The unverified signature match is the single largest source of trouble: a function rename or argument-order change in the standard library produces a binary that links but corrupts memory.


12. Tooling

Tool Purpose
go build -ldflags="-checklinkname=0" Disables the new (Go 1.23+) link-time check on disallowed external linknames.
go vet Warns on certain misuse patterns of //go:linkname.
go tool nm <binary> Reveals which linkname targets are actually present.
objdump -d / go tool objdump Lets you see the resolved call addresses for linkname-bound symbols.
cmd/link log (-v) Prints the symbol resolution decisions.

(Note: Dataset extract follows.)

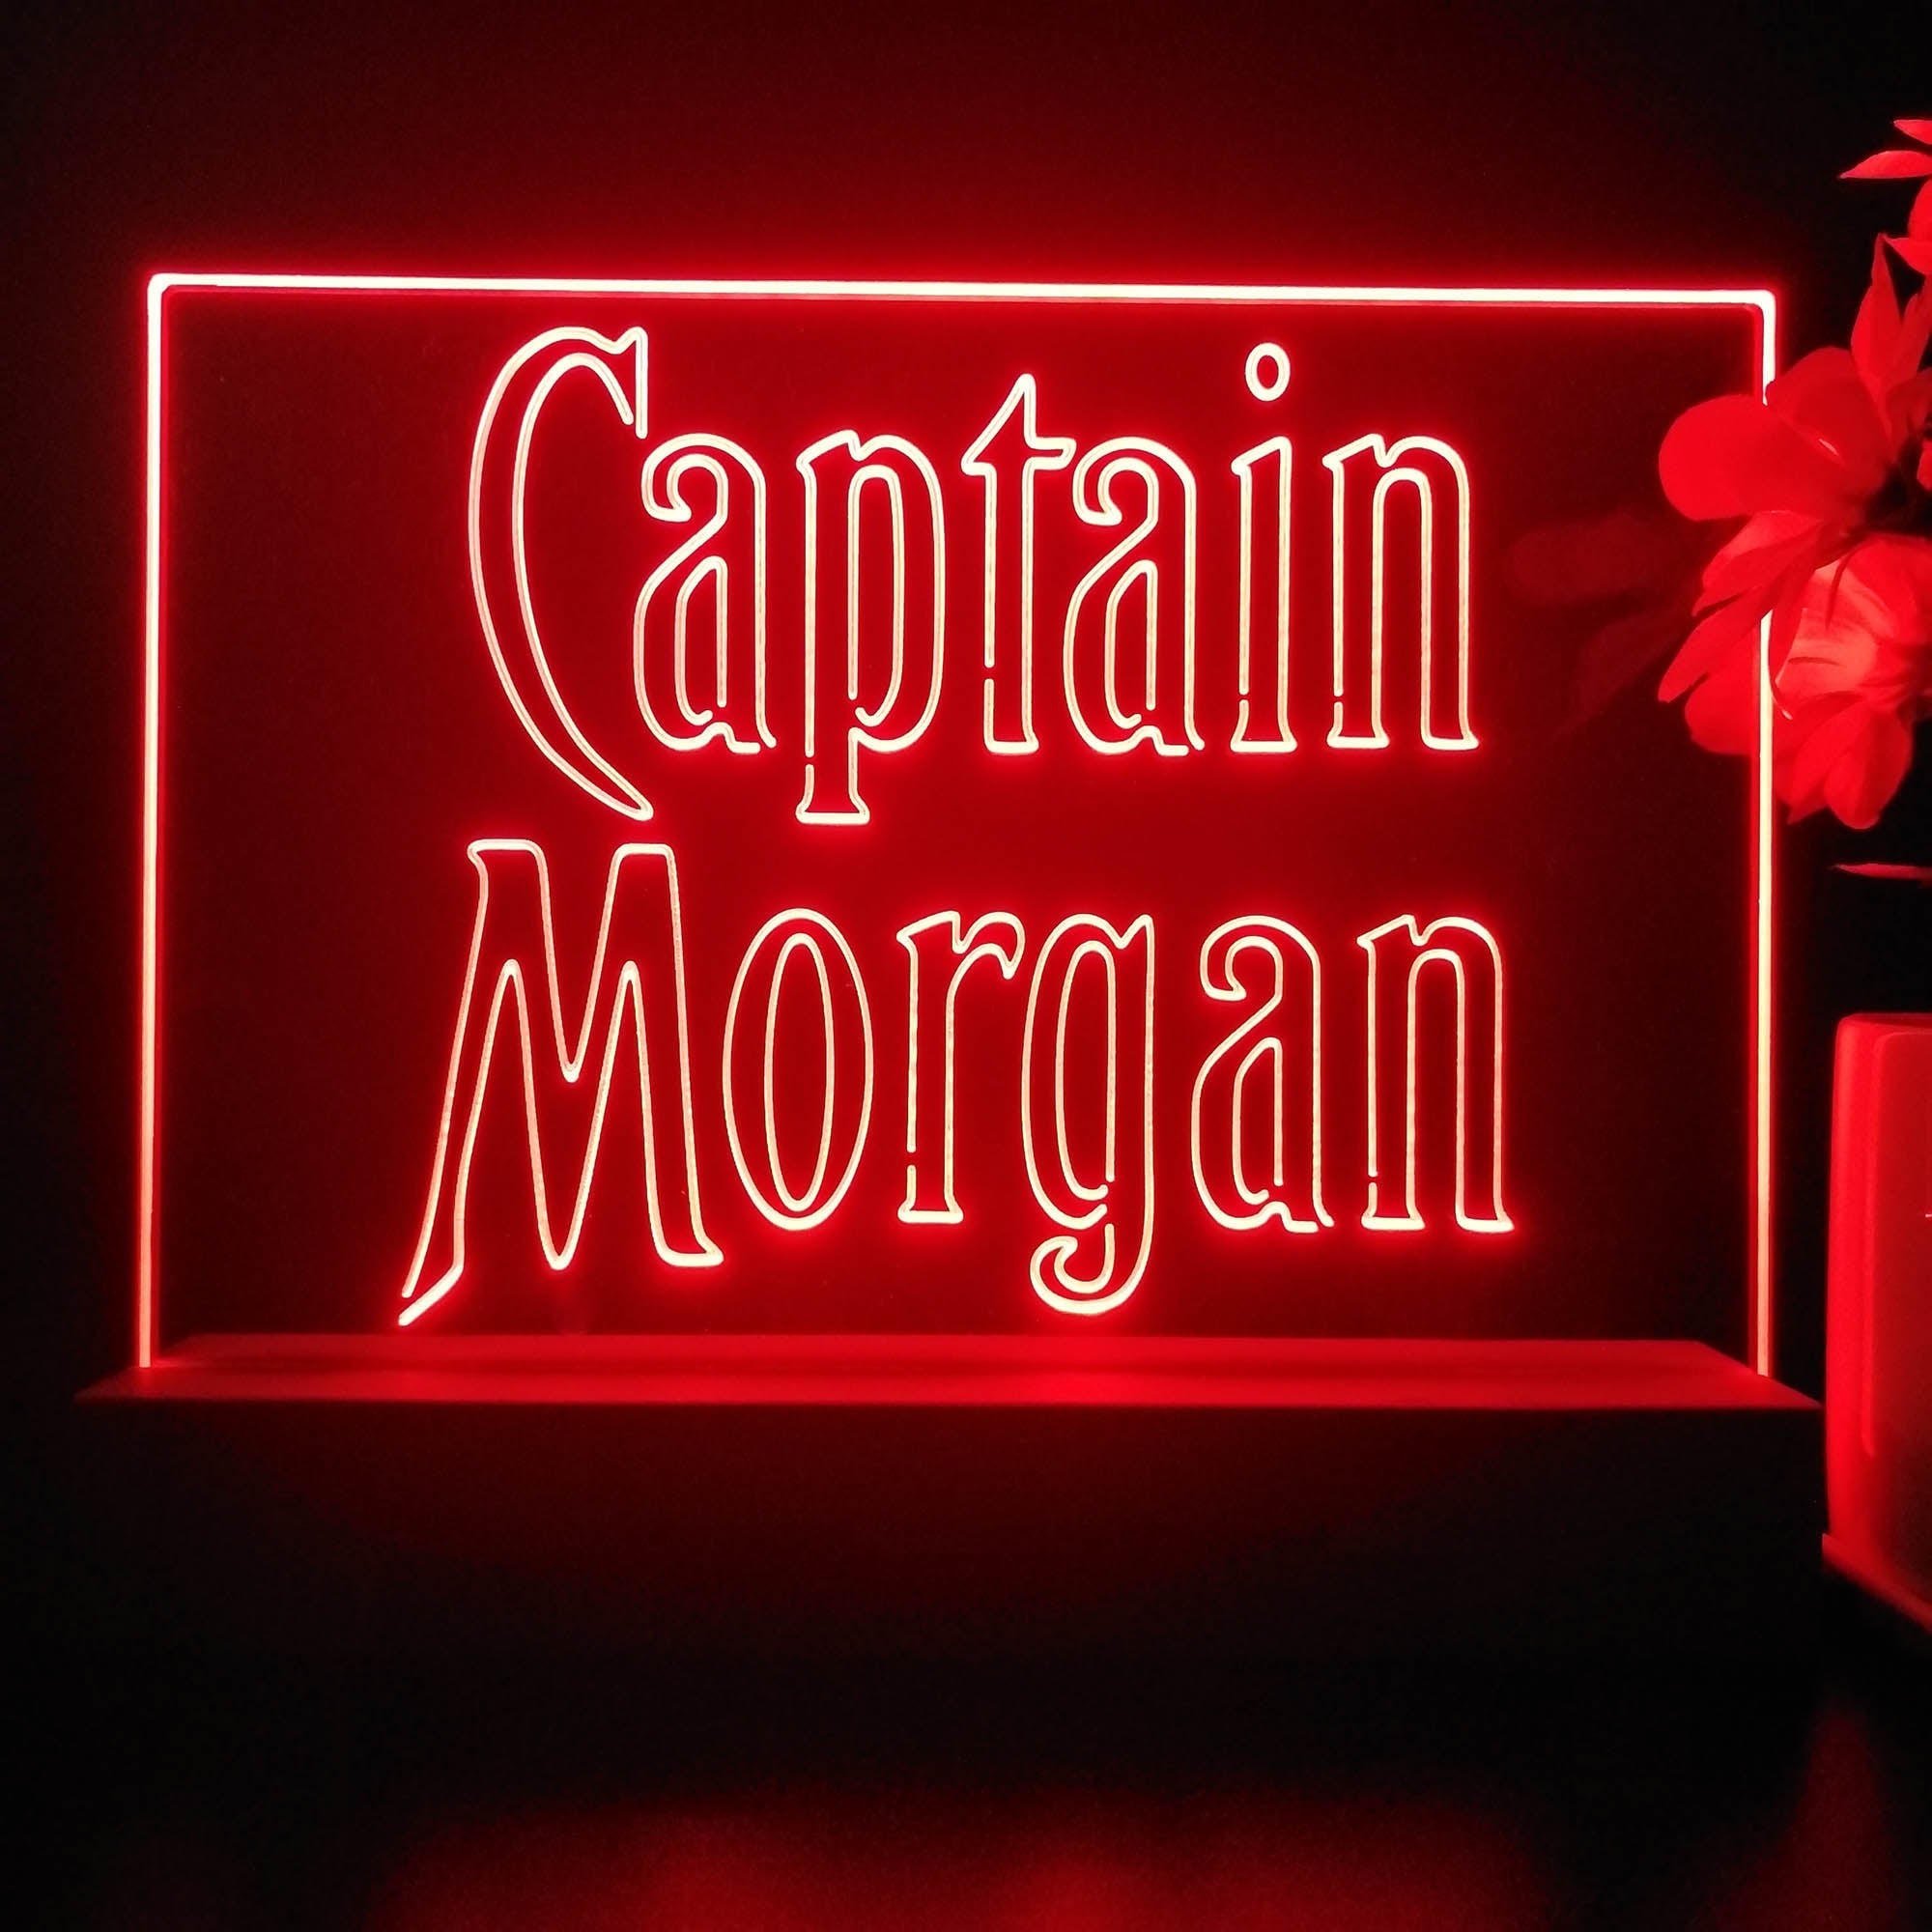 Captain Morgan Neon Sign Pub Bar Lamp

The -checklinkname linker flag (added in 1.23) lets release engineers detect external dependencies on internal symbols during integration testing.


13. Non-goals

//go:linkname is not:

  • A way to override Go's type system. Signature mismatches are silently miscompiled.
  • A general FFI mechanism. Use cgo for C interop.
  • A stable public API. Linkname targets in runtime may be renamed or removed between releases.
  • A substitute for proper API design. The standard library uses it as an internal bridging tool, not a public extension point.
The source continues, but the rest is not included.